On 04/02/2014 09:52 AM, Jan Beulich wrote:
>>>> On 01.04.14 at 19:05, <George.Dunlap@eu.citrix.com> wrote:
>> On Tue, Apr 1, 2014 at 5:55 PM, George Dunlap
>> <George.Dunlap@eu.citrix.com> wrote:
>>> So the basic issue, regardless of PoD, is that the guest is told to
>>> balloon down to X, by handing back (T - X) pages to Xen.  But it
>>> doesn't actually know what T is, for a number of reasons; mainly due
>>> to having holes in lowmem for vga ram and things like that.  When PoD
>>> is enabled, this may cause a guest to end up killed as a result of
>>> accidentally not ballooning down enough; but even on non-PoD systems,
>>> this would lead to a small mismatch between the toolstack's idea of
>>> how much a VM was using (or should be using) and how much the guest is
>>> using.
>>>
>>> It looks like libxl anyway already writes "static-max" into xenstore,
>>> right next to the balloon target.  Is there any reason we can't use
>>> the toolstack-written static-max to calculate how big a balloon we
>>> need to inflate?
>>>
>>> If it's not accruate or consistent at the moment, we should be able to
>>> make it consistent going forward.
>> One potential problem I see at the moment is that during domain
>> creation, "static-max" is set to maxmem, but "target" is set to
>> "memory-video_memkb"; but the actual number of pages will be memory -
>> VGA_HOLE, which probably won't match either one.  Then in
>> libxl_set_memory_target(), it's just straight-up set to "target".
>> This may lead to a rather unexpected situation where after starting
>> with memory=2048, setting the target to 1024, and then setting it back
>> to 2048, the guest has a different amount of memory than it started
>> with.  (Or perhaps the balloon driver will be running up against the
>> memory ceiling.)
>>
>> It would be ideal if the balloon driver could just release (static-max
>> - target) memory and be assured that everything would be OK.
> Another problem is that "target" (or in fact anything in xenstore) isn't
> tightly coupled with what the hypervisor knows for the domain.

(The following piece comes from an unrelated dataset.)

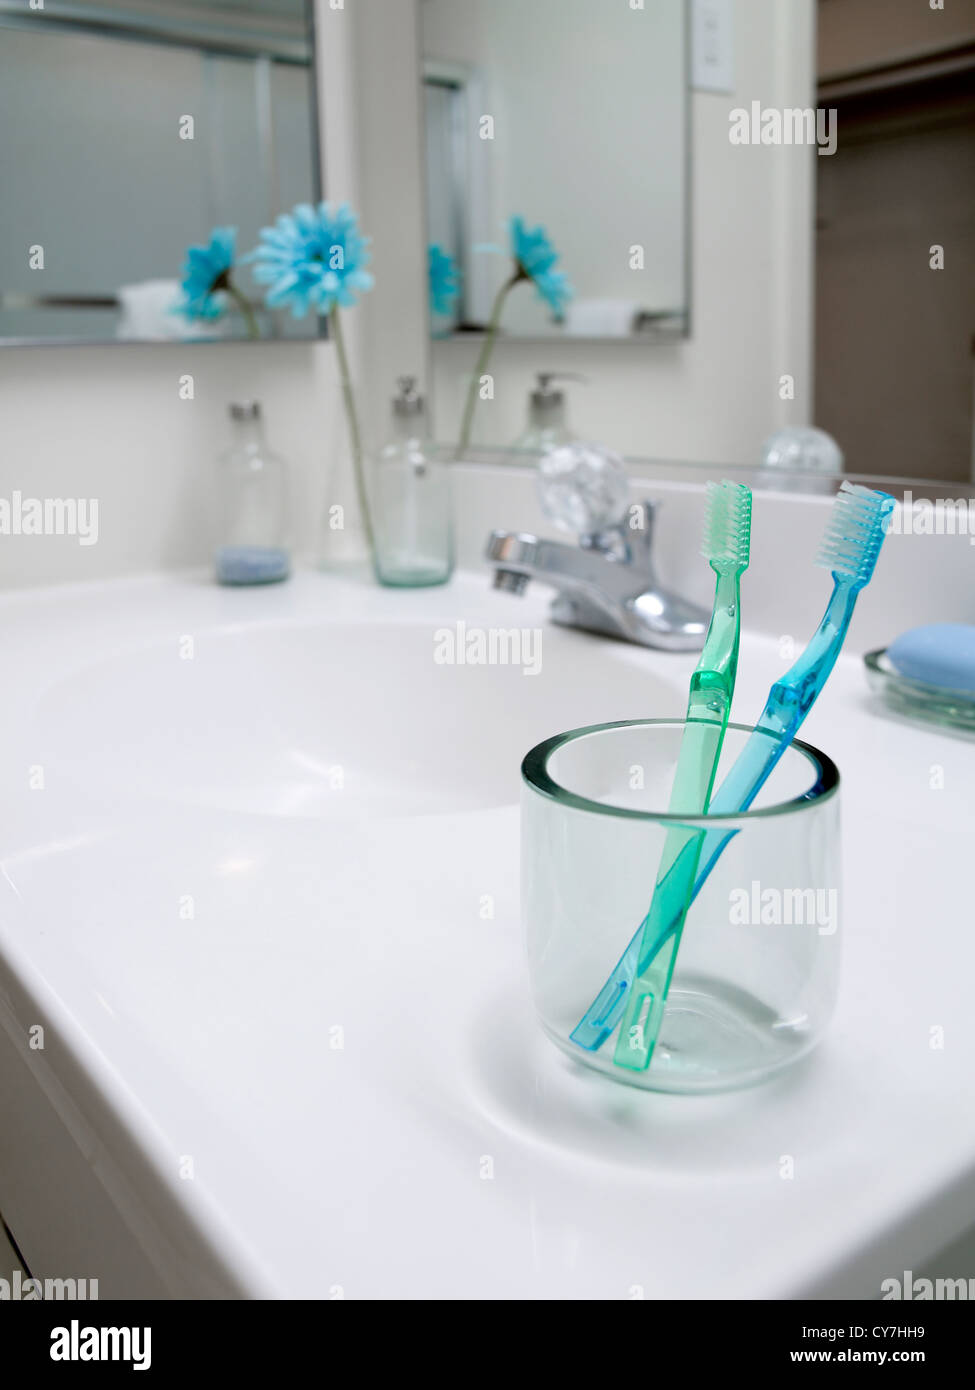 Toothbrushes In Glass In Bathroom Stock Photo
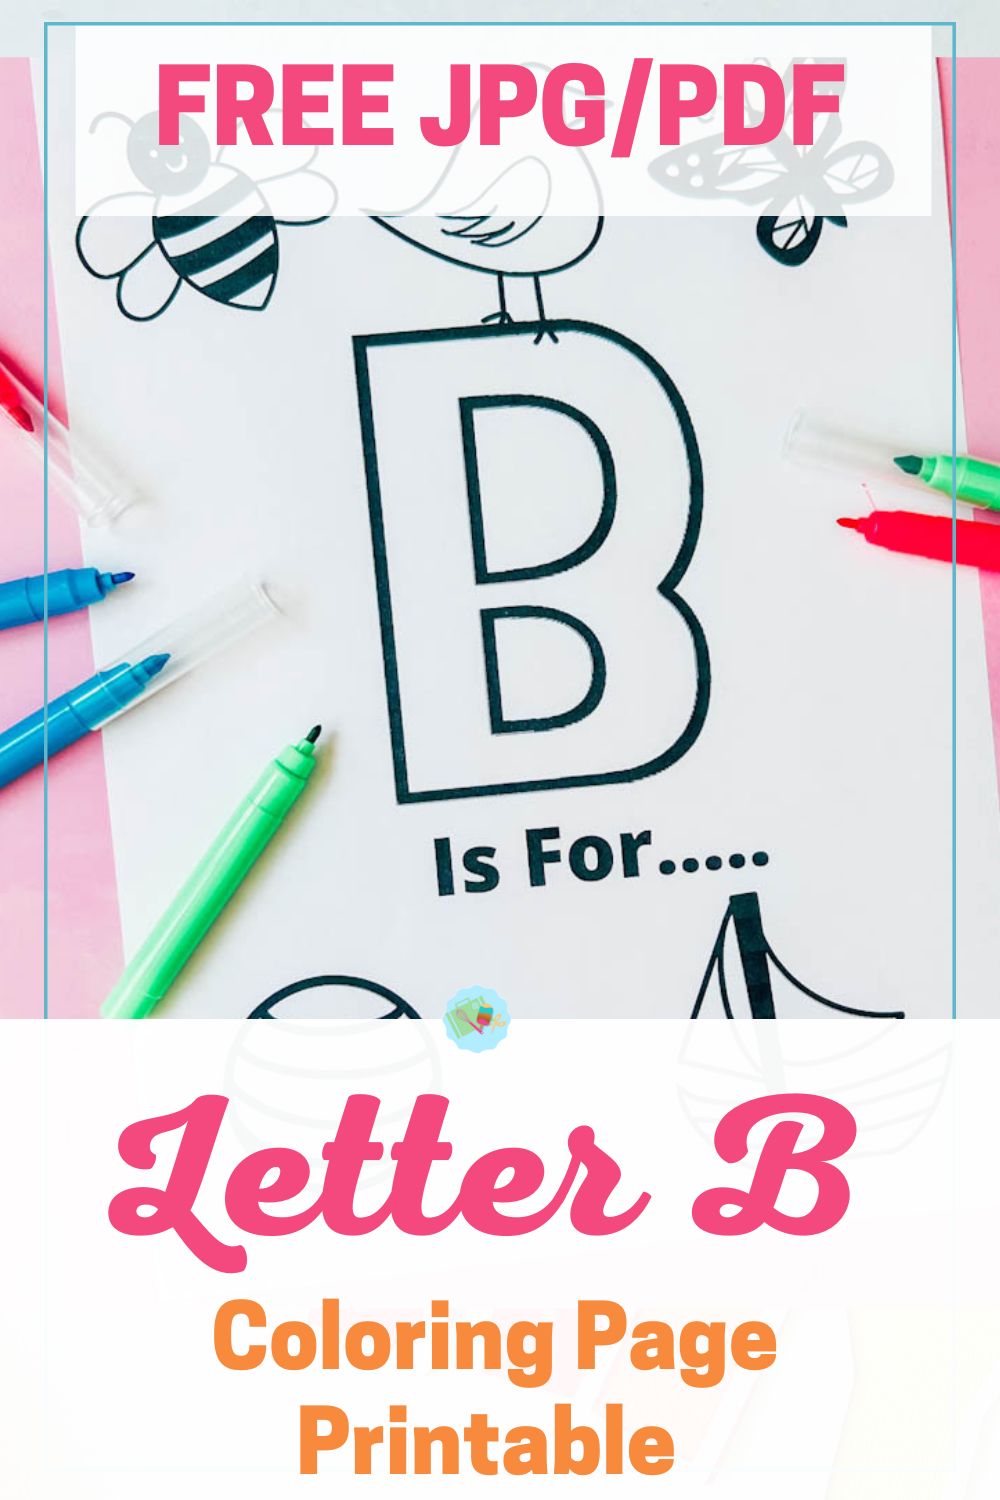 Free printable letter B Coloring page

Yet
> the main goal (preventing to be killed due to ballooning down to much)
> depends on only the hypervisor's knowledge, and hence I think that
> only the hypervisor should be consulted to find out.

I understand the sentiment; but as I said, the real problem is a lack of 
clarity about what exactly the toolstack is asking the VM to do.  This 
is obviously a particular problem in the case of PoD, but it's still a 
problem even for non-PoD guests; it's just that the outcomes are less 
severe.  If we solve the general problem, we'll solve the PoD problem.

The other thing is that the whole point of PoD is to be transparent to 
the guest.  Xen is already careful in how it handles post-creation 
adjustments to the PoD size -- always increasing the PoD cache, never 
decreasing it -- specifically so that the guest doesn't need to know.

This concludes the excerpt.